I am new to the usage of a custom loss function for a model particularly for Xgboost. I have a binary classification problem which is highly imbalanced and I need to predict the probabilities for the minority class (1). For this the objective function I am using is objective = ‘binary:logistic’. I did built an Xgboost model using the above ojective function and my evaluation metric being the average precision score. The score seems to be decent enough. But now I want to build a custom objective function for the model. So looking after many links and searching online, I used this as my custom objective function:
scale_pos_weight = 75 def obj_func(preds, y_train): weights = np.where(y_train == 1.0, scale_pos_weight, 1) #as I use this parameter in my Xgbclassifier as well - to give weights to the minority class preds = 1.0 / (1.0 + np.exp(-preds)) grad = preds - y_train #gradient - 1st order derivative hess = preds * (1.0 - preds) #Hessian - 2nd order derivative return grad*weights, hess*weights
I am not sure if this implementation is right.
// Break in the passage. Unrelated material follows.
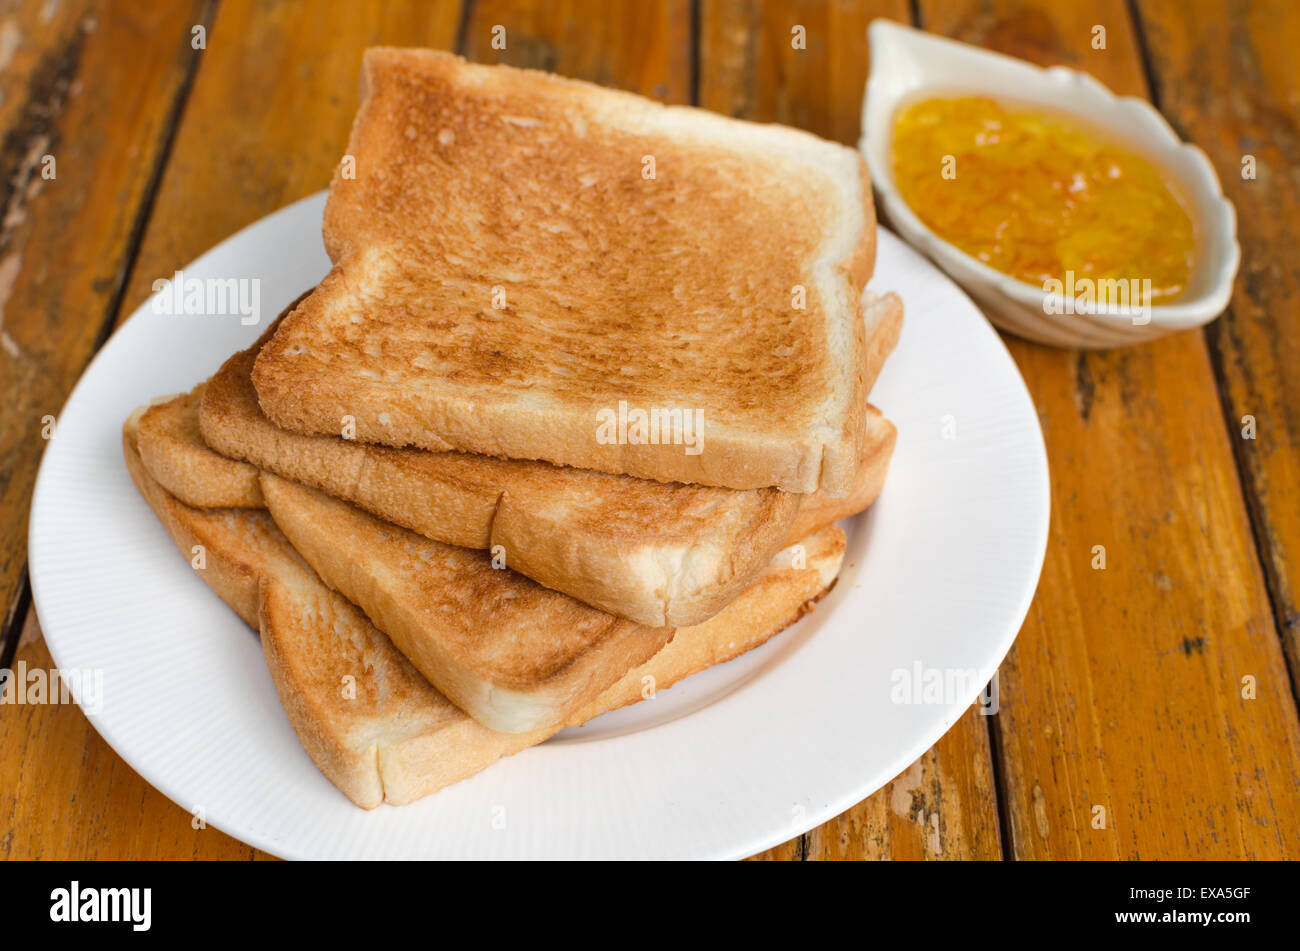 Slices of toast bread with orange jam on wood background Stock Photo

My Xgb classifier is defined as:
xgb = XGBClassifier(learning_rate =0.07, n_estimators=1000, max_depth=5, gamma=2, colsample_bytree=0.4, objective= obj_func, scale_pos_weight = 75, seed=27) model_xgb = xgb.fit(X_train, y_train)
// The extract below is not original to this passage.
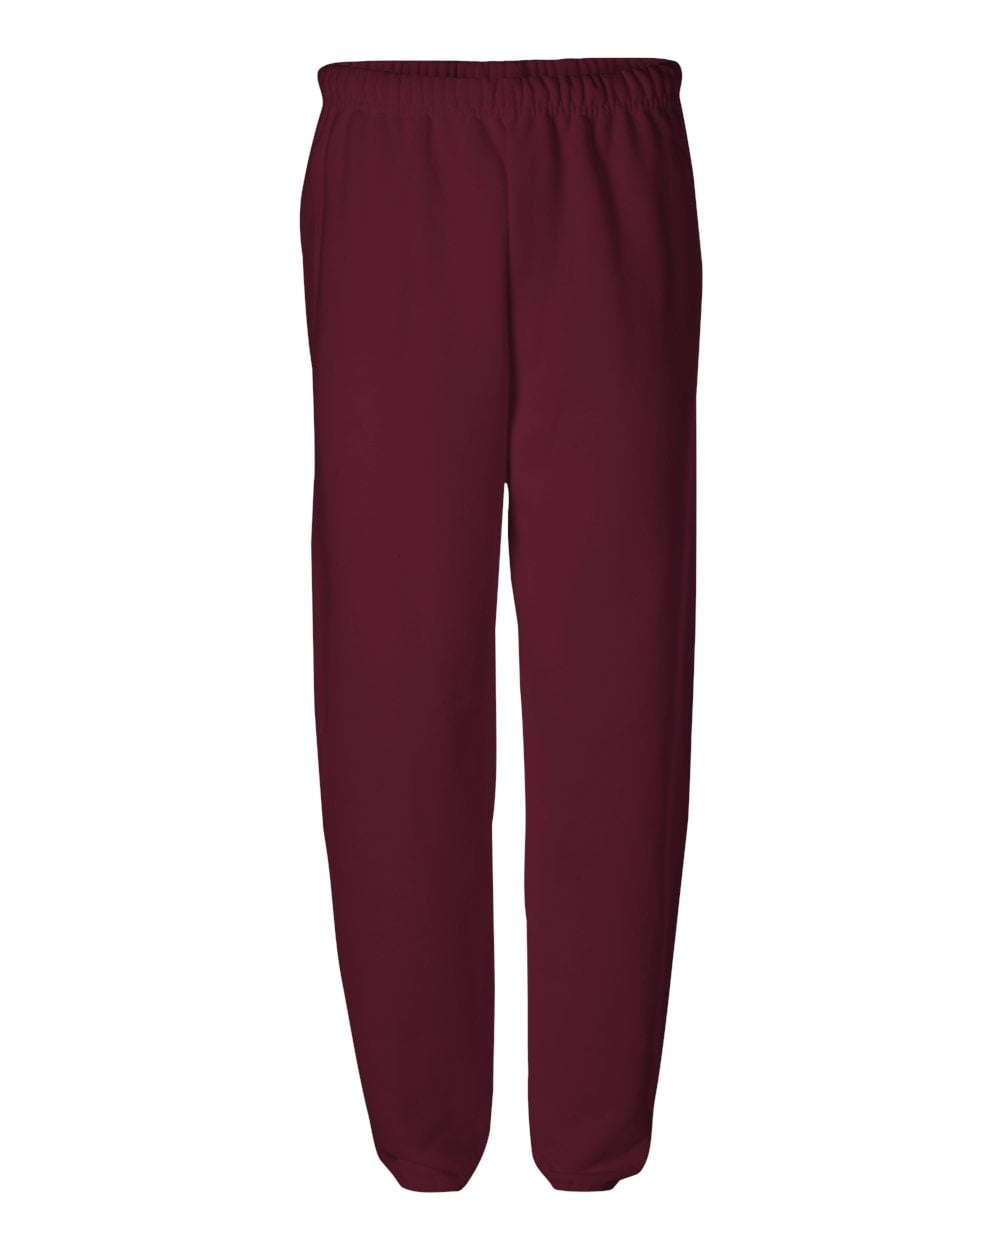 Jerzees NuBlend Sweatpants for Men - Walmart.com

After fitting the model I evaluate my model against the validation set using the average precision from sklearn.metrics. The evaluation was decent when I was using the default binary:logistic objective function from the library but after using the custom objective function the average precision has gotten worse (0.03) from (0.65 when using normal objective function). Is there something wrong that I am doing with my objective function or do I need to add something more?